§ Requirement
The answer must reproduce all of the data below exactly and contain no images.

§ Material provided
※ ※ ※
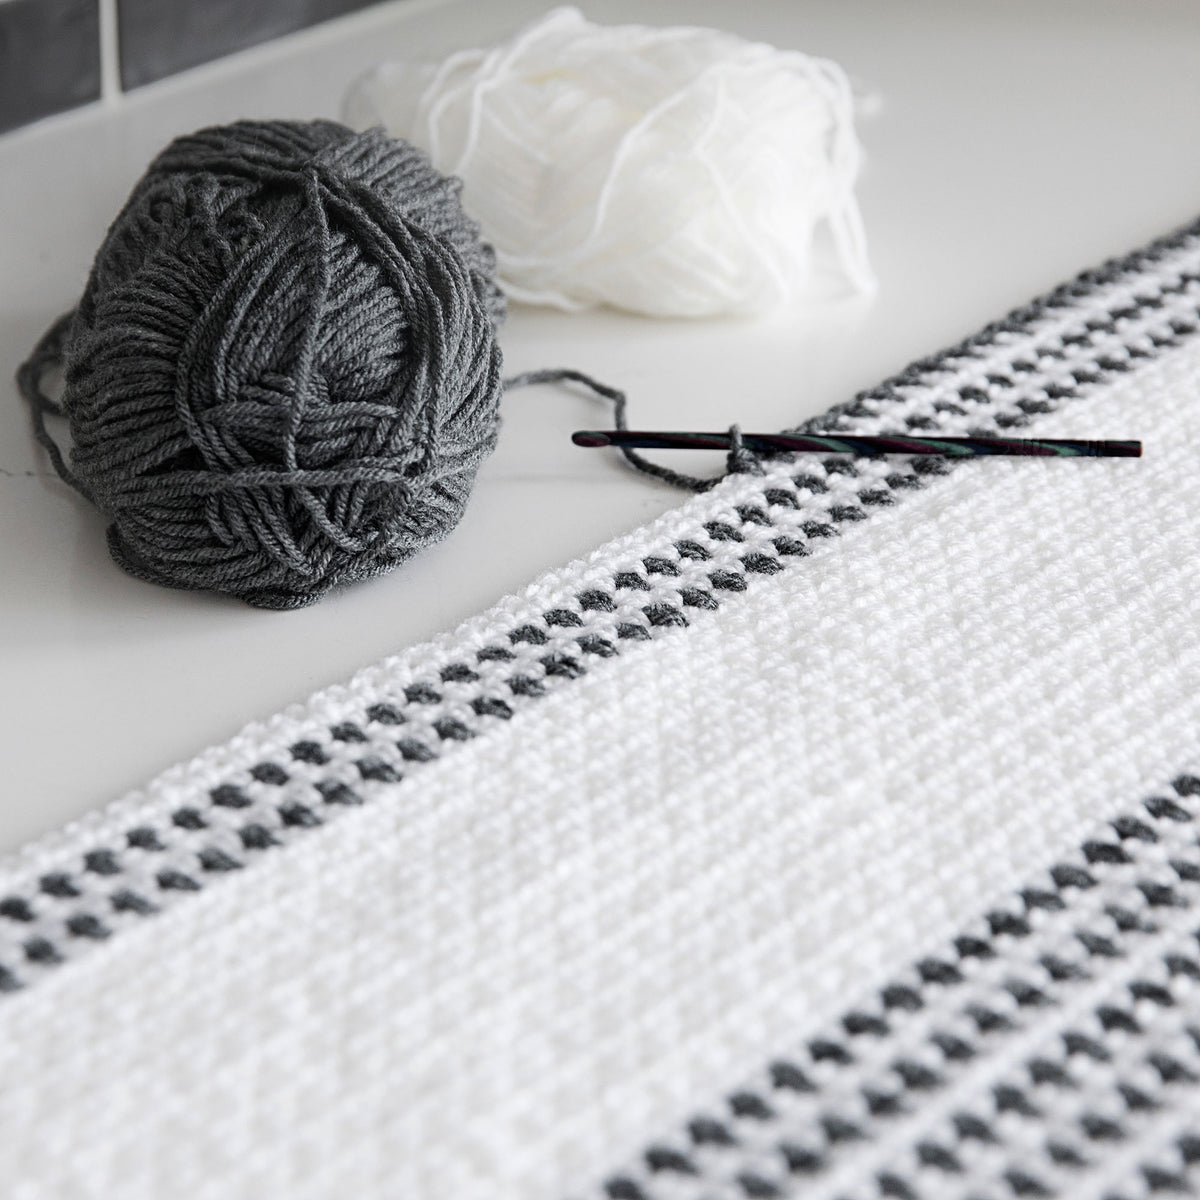 http://leelee-knits.myshopify.com/cdn/shop/products/Woven-Stitch-Crochet-Throw-02_1200x1200.jpg?v=1643385416
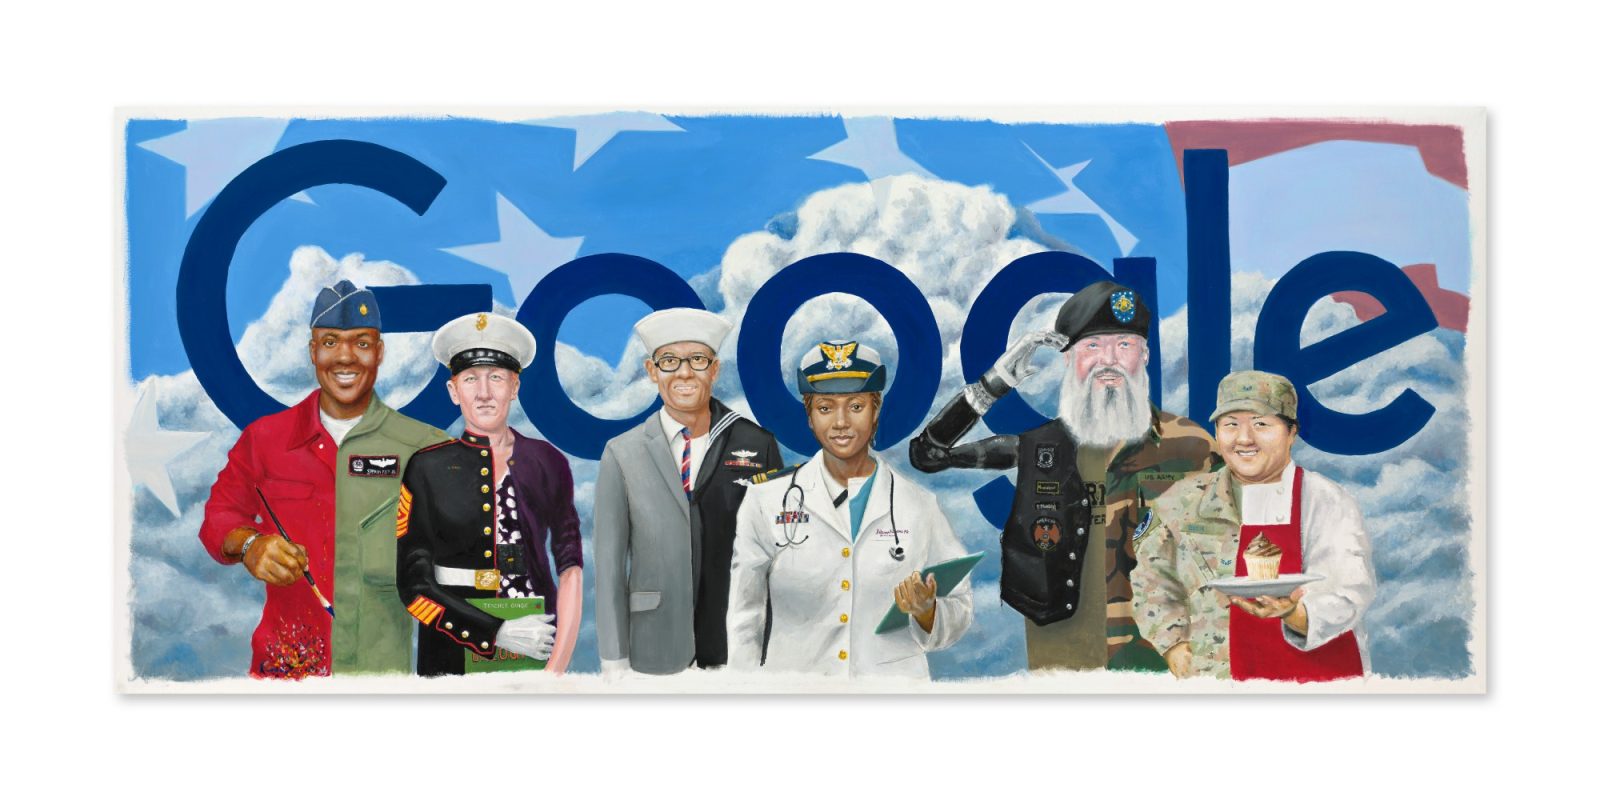 Veterans Day 2021 Google Doodle by Steven Tette
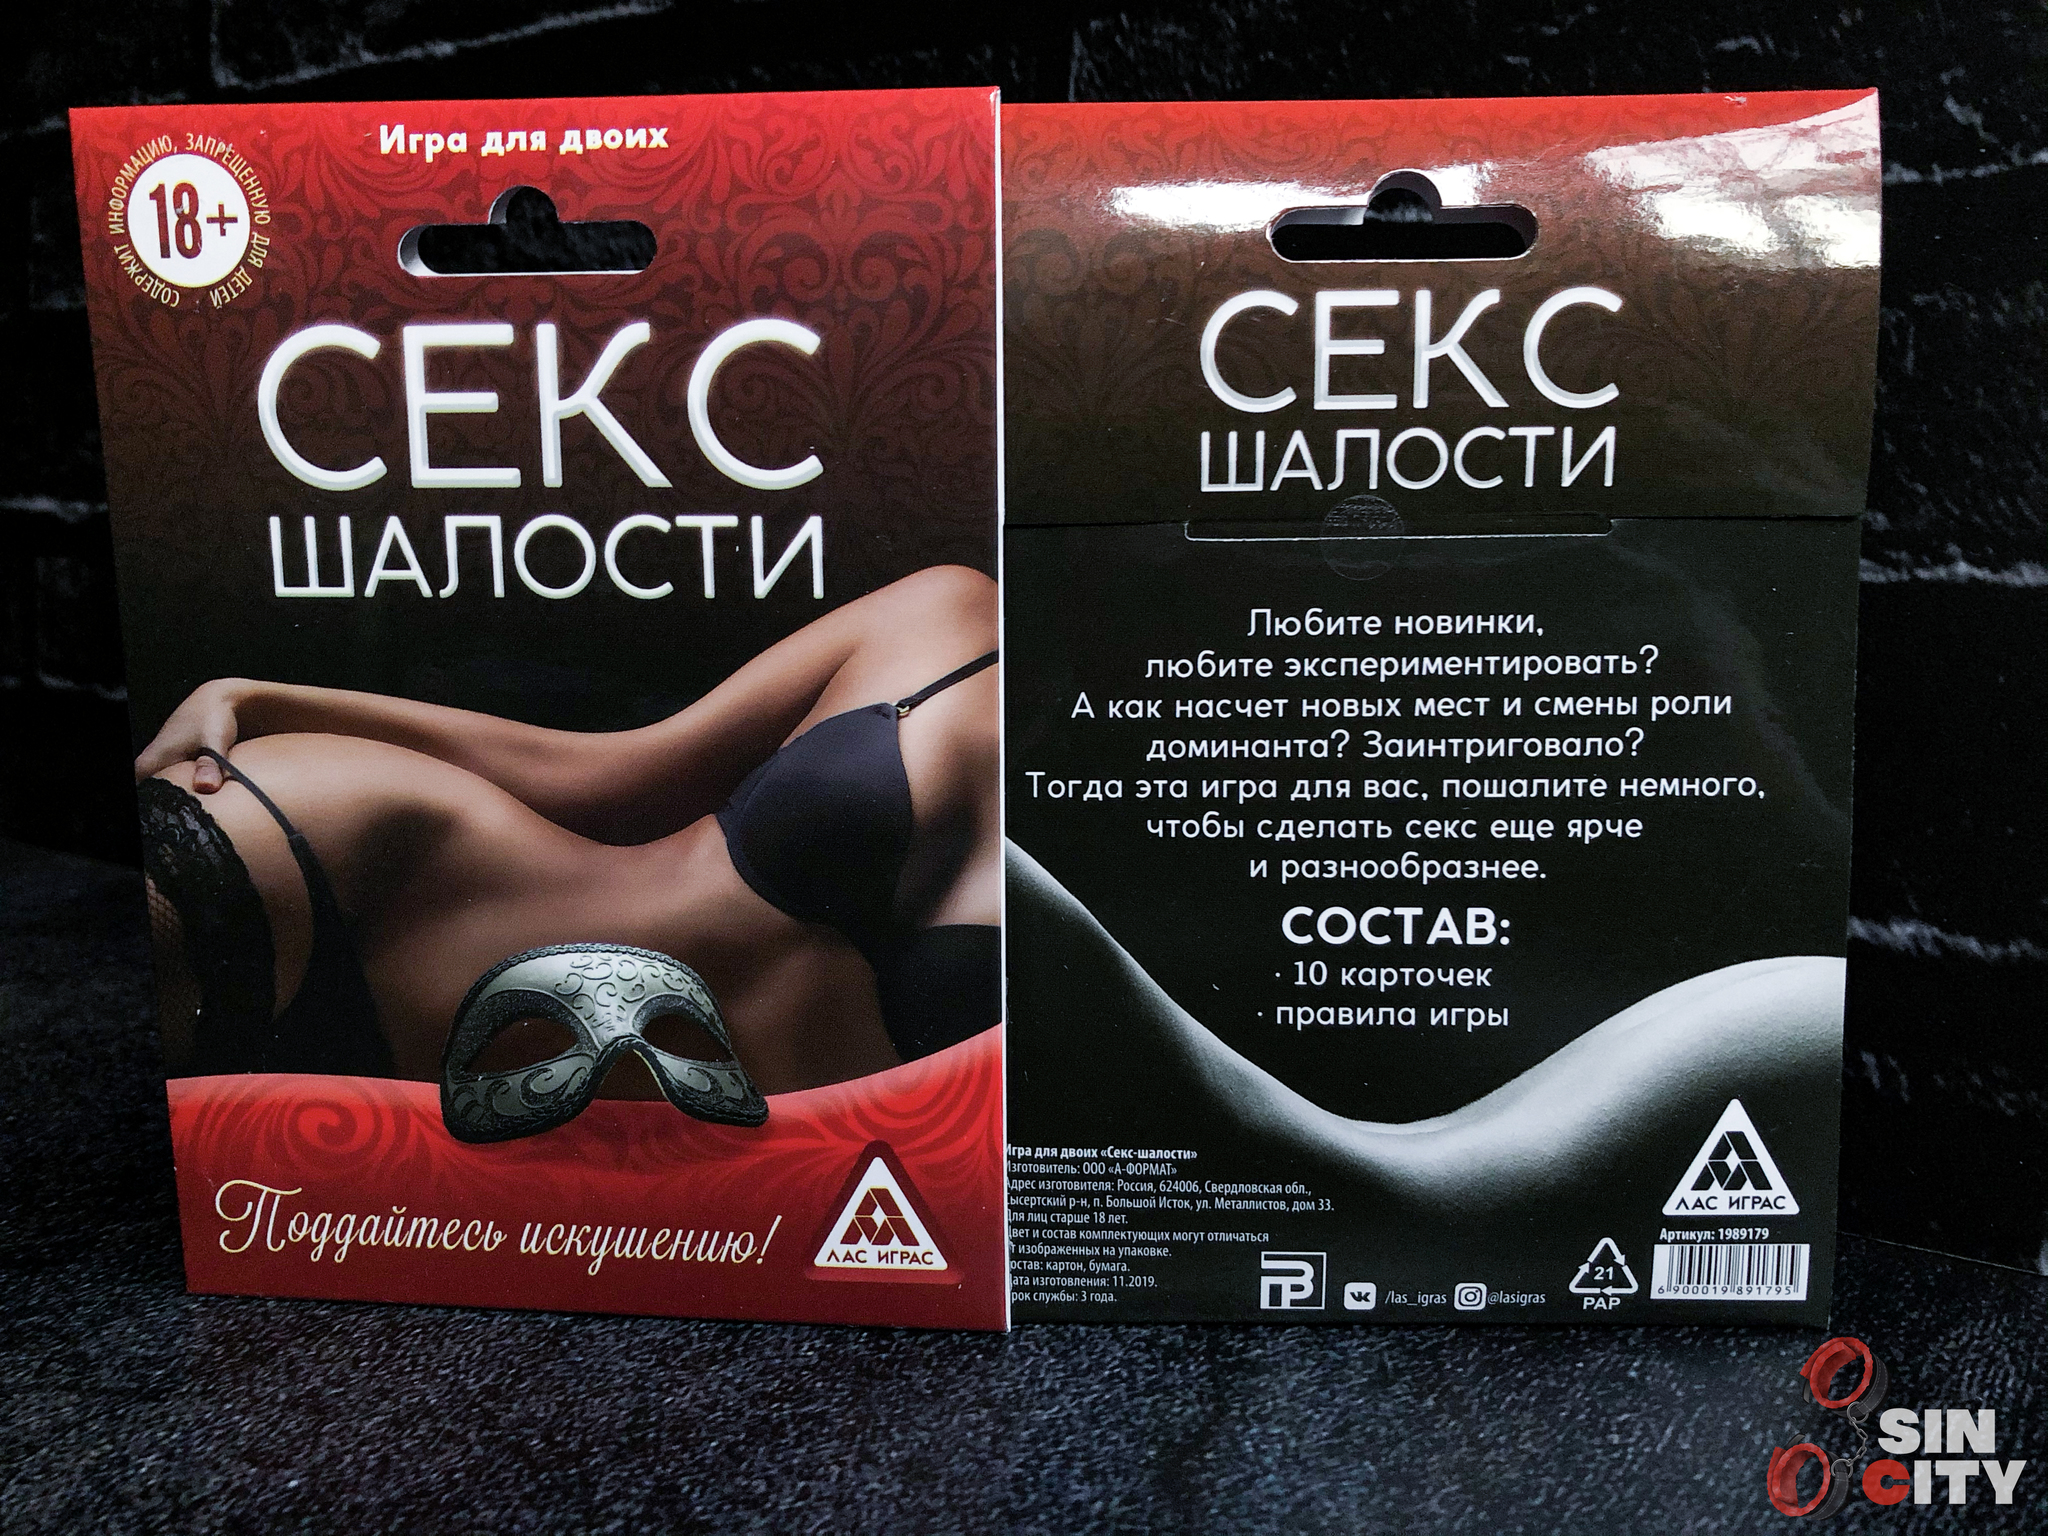 Эротические настольные игры для двоих ✔️ купить в Украине - Дом Игр
※ ※ ※
§ Problem solution
 http://leelee-knits.myshopify.com/cdn/shop/products/Woven-Stitch-Crochet-Throw-02_1200x1200.jpg?v=1643385416
 Veterans Day 2021 Google Doodle by Steven Tette
 Эротические настольные игры для двоих ✔️ купить в Украине - Дом Игр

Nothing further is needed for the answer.